Session Handoff — 2026-06-10 — Appliance Negative Firstboot Smoke (fail-closed verification)
Topic: Operator-run verification of the appliance fail-closed firstboot path — the proof-matrix gap the 2026-05-21 positive smoke (#1900) explicitly left unverified.
Branch: test/appliance-negative-firstboot-smoke (icn-dev worktree model, created off origin/main @ a9ee3d2a).
Refs: PR #1865 (appliance substrate incl. the 10-firstboot-gate.conf drop-in), #1866 (real build+boot smoke), #1900 (Debian-13 positive real-smoke handoff), #2019 (truth-sync that restated the negative-path gap as still open).

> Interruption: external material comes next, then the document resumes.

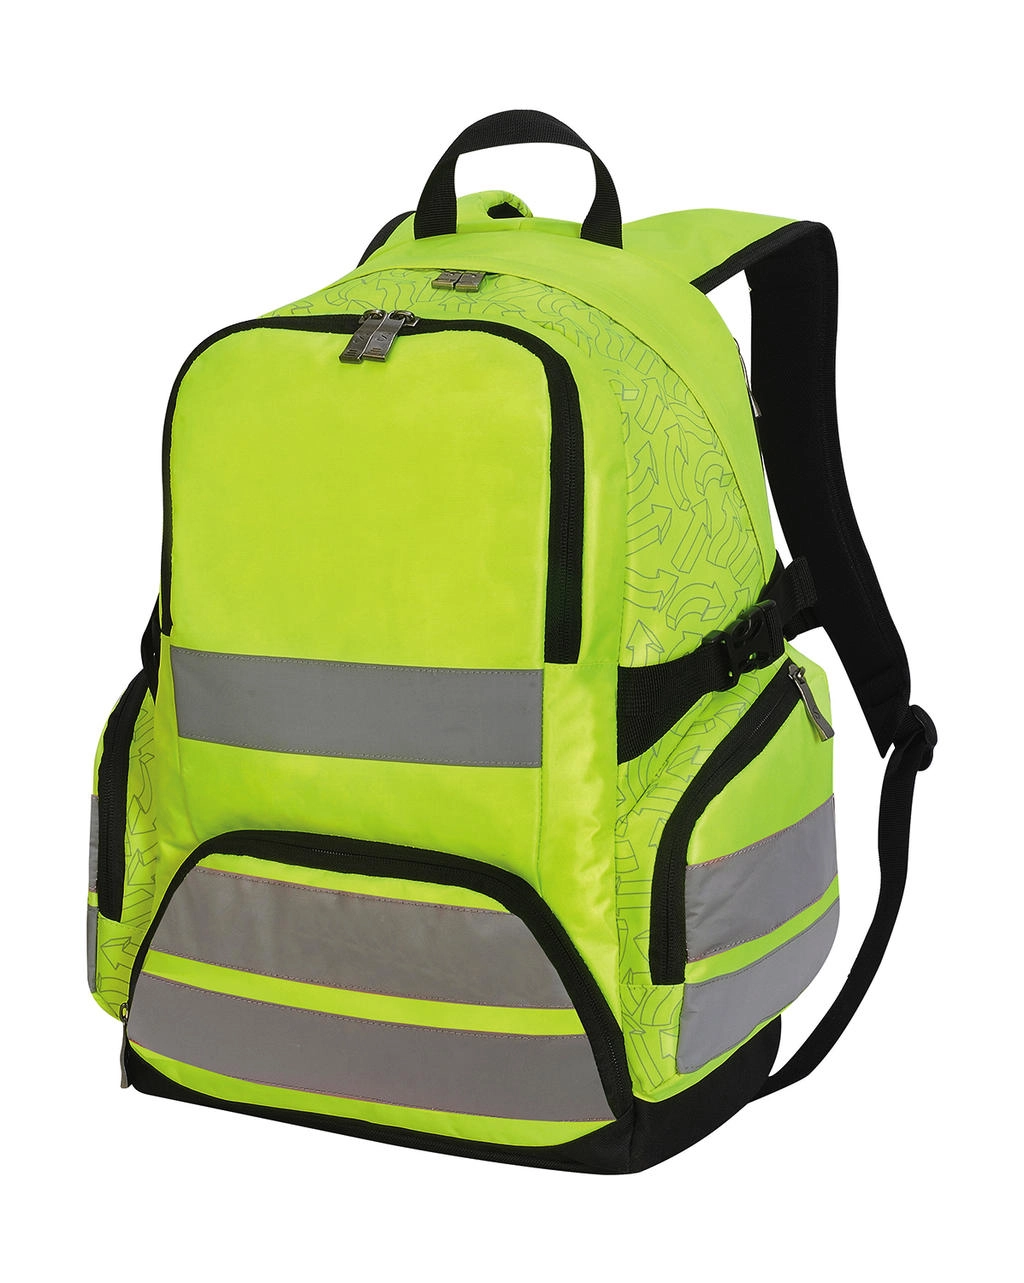 London Hi-Vis Backpack  zum Besticken und Bedrucken in der Farbe Hi-Vis Yellow mit Ihren Logo, Schriftzug oder Motiv.

This handoff records ONE negative fail-closed scenario, operator-run on the same host and the same built image as the #1900 positive smoke. No production-readiness claim, no signed-image claim, no immutable-image claim, no partner-distributable claim, no live-federation claim, no NYCN activation claim, no Phase 2 completion claim. One negative scenario does not certify every appliance failure mode.
Session Goal
Add a runnable negative firstboot smoke (deploy/appliance/smoke/negative-firstboot-smoke.sh) and operator-run it: deliberately remove required firstboot material from a disposable overlay, boot it, and prove the appliance fails closed — firstboot unit failed, marker absent, icnd never active, /v1/health never answering.
Decisive Test
This handoff fails if any of the following holds:
- It claims the negative path is verified but the recorded run did not actually execute, or executed with assertions weakened.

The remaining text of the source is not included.